REQUIRED ACTION.
Given the entries below, would you transcribe exactly the lines starting at the one with "Yalova Ülkü Ocakları" and ending at the one with "WWE NXT UK 2020 04 23 720p Lo WEB h264-HEEL", both kept, pictures omitted, nothing extra?

DATA LISTING.
"""
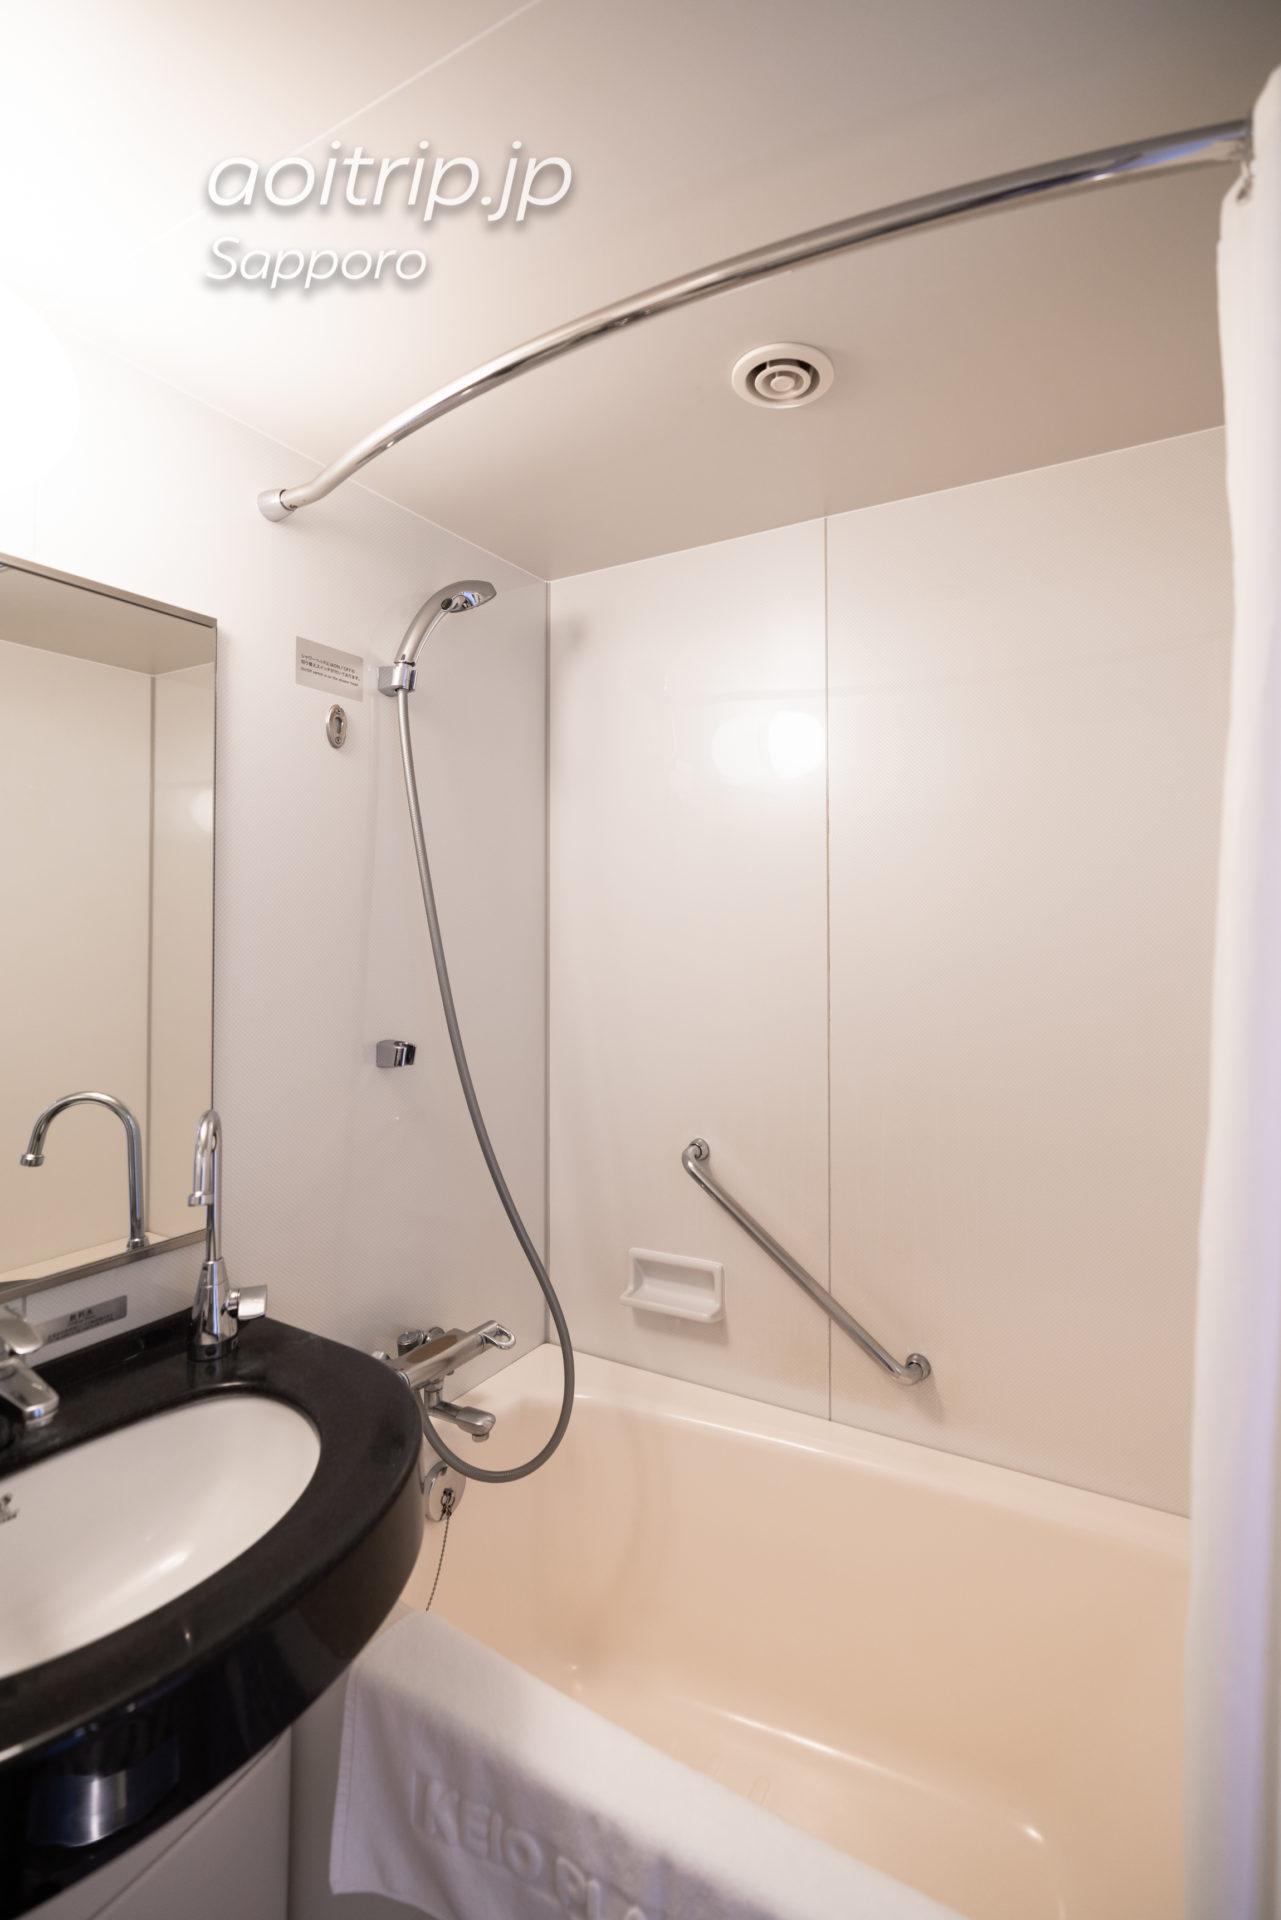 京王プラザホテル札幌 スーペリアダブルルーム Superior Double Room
"""
"""
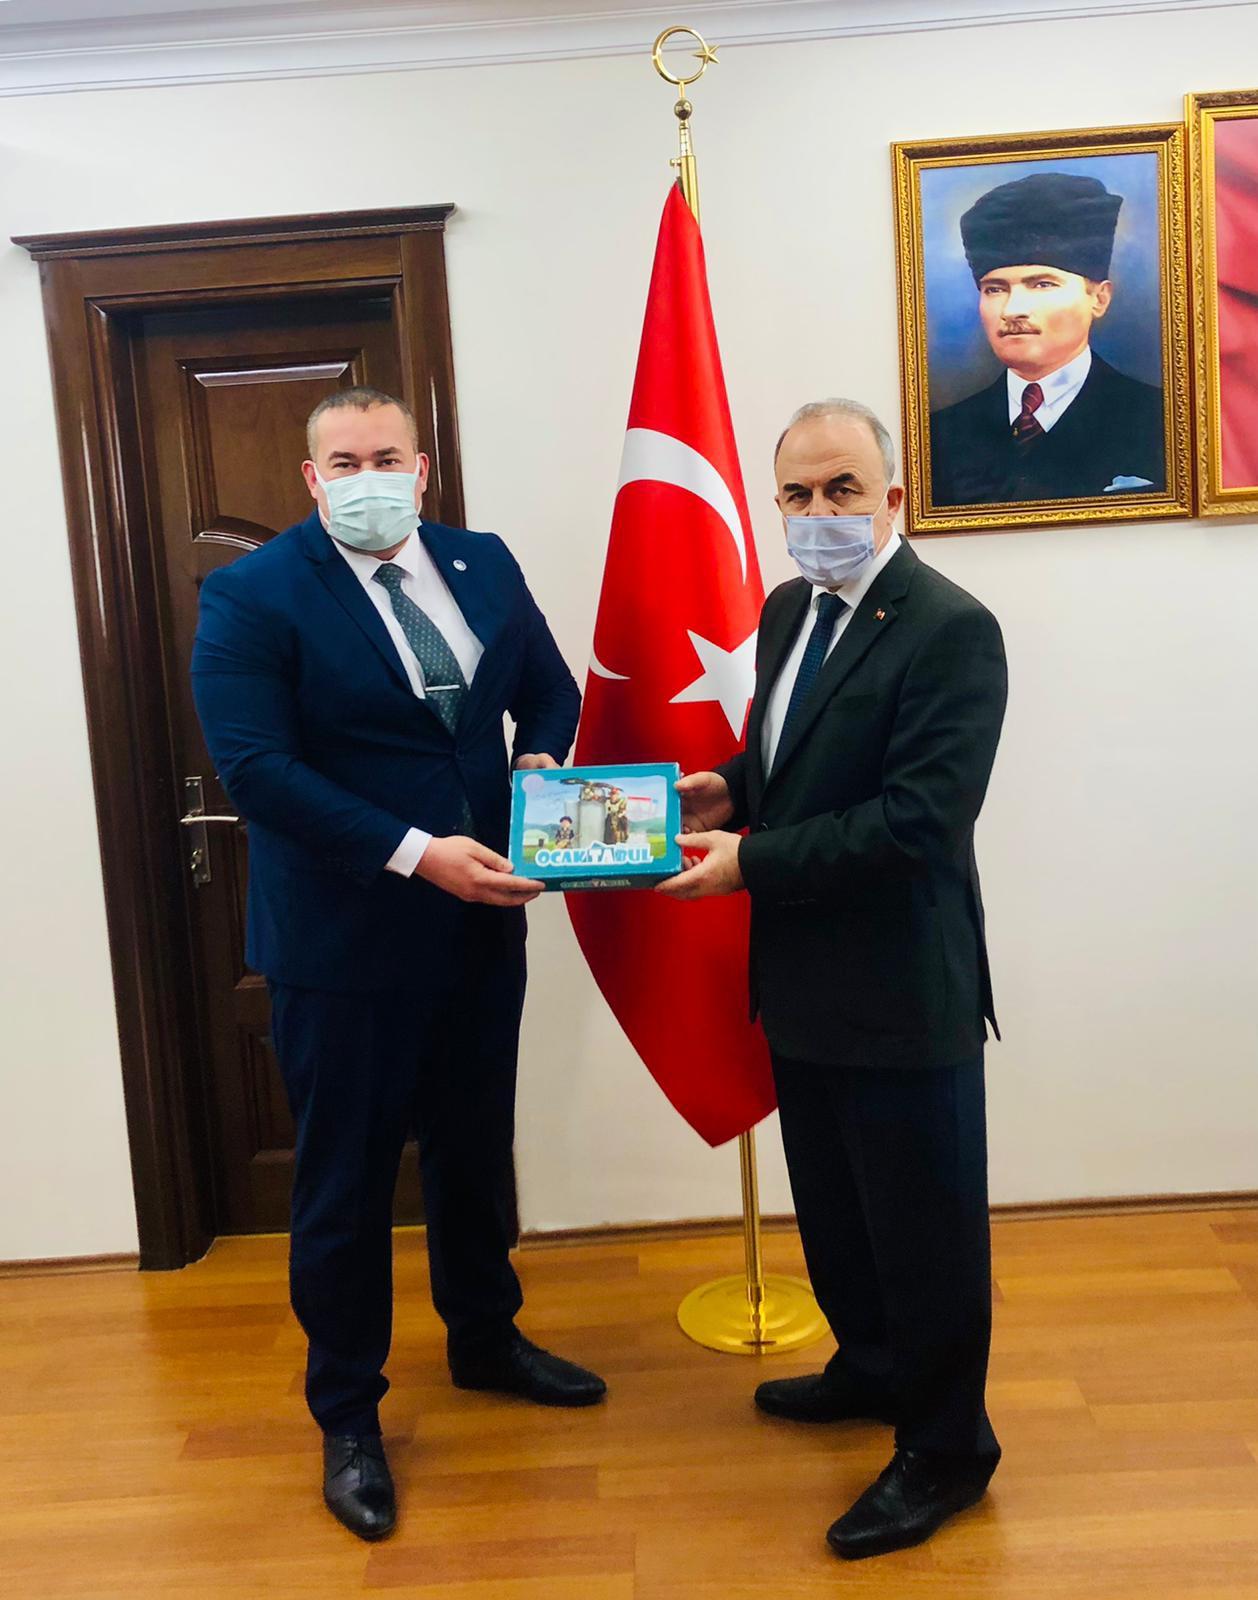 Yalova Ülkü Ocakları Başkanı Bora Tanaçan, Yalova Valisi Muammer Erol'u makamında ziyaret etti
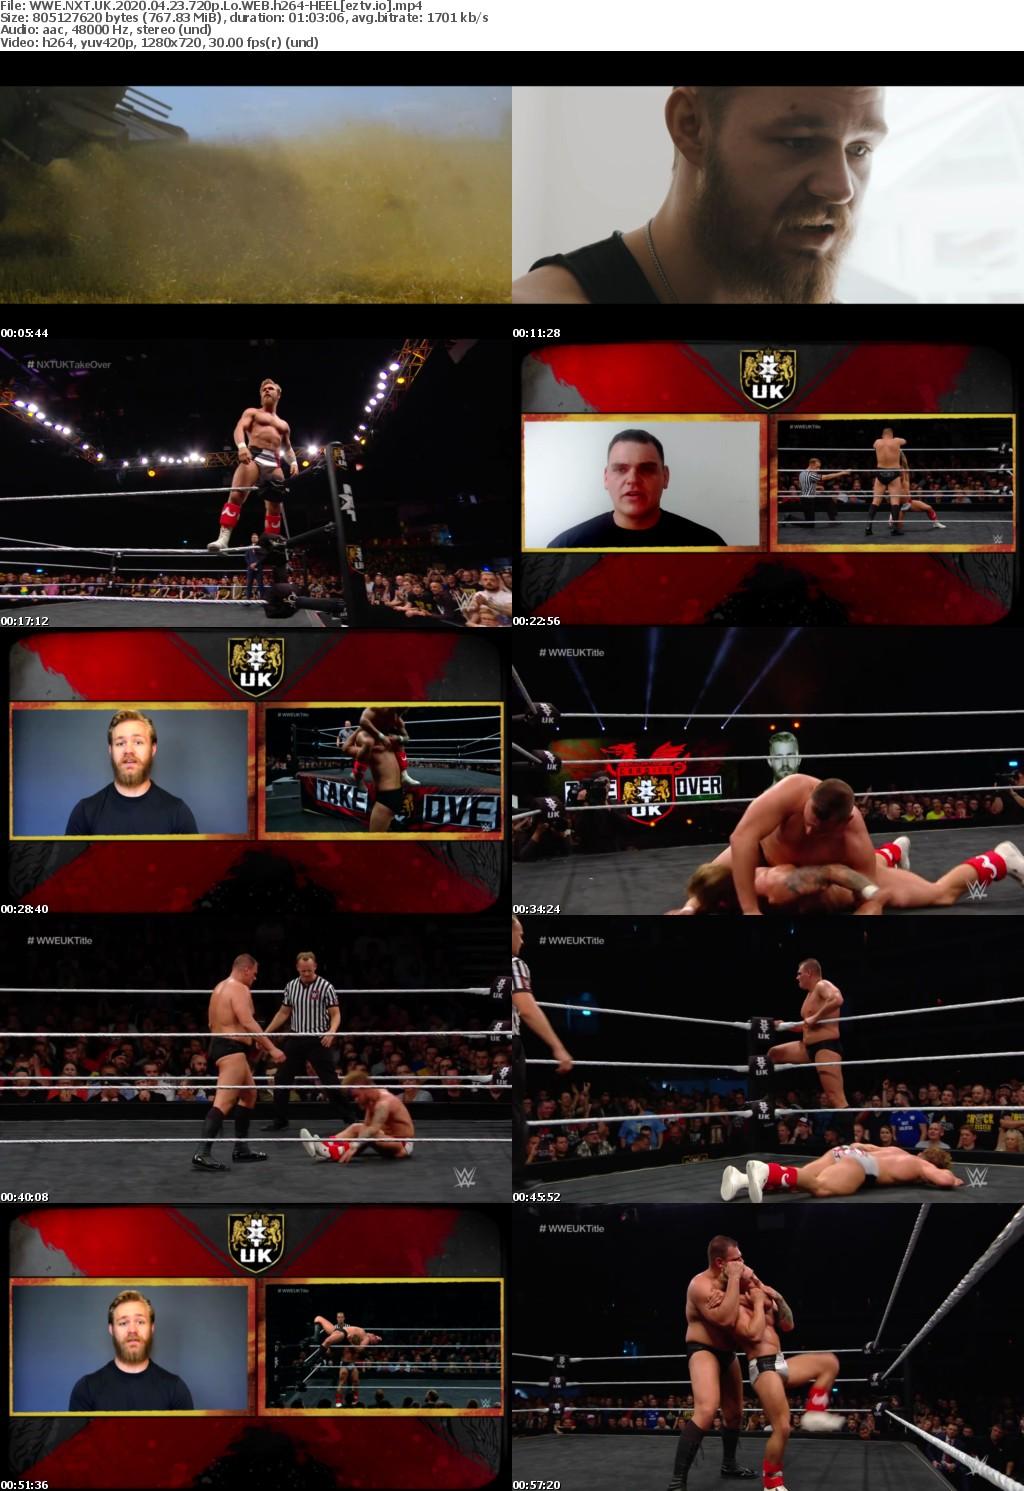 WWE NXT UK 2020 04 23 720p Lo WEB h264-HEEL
"""
RESPONSE BOX.
 Yalova Ülkü Ocakları Başkanı Bora Tanaçan, Yalova Valisi Muammer Erol'u makamında ziyaret etti
 WWE NXT UK 2020 04 23 720p Lo WEB h264-HEEL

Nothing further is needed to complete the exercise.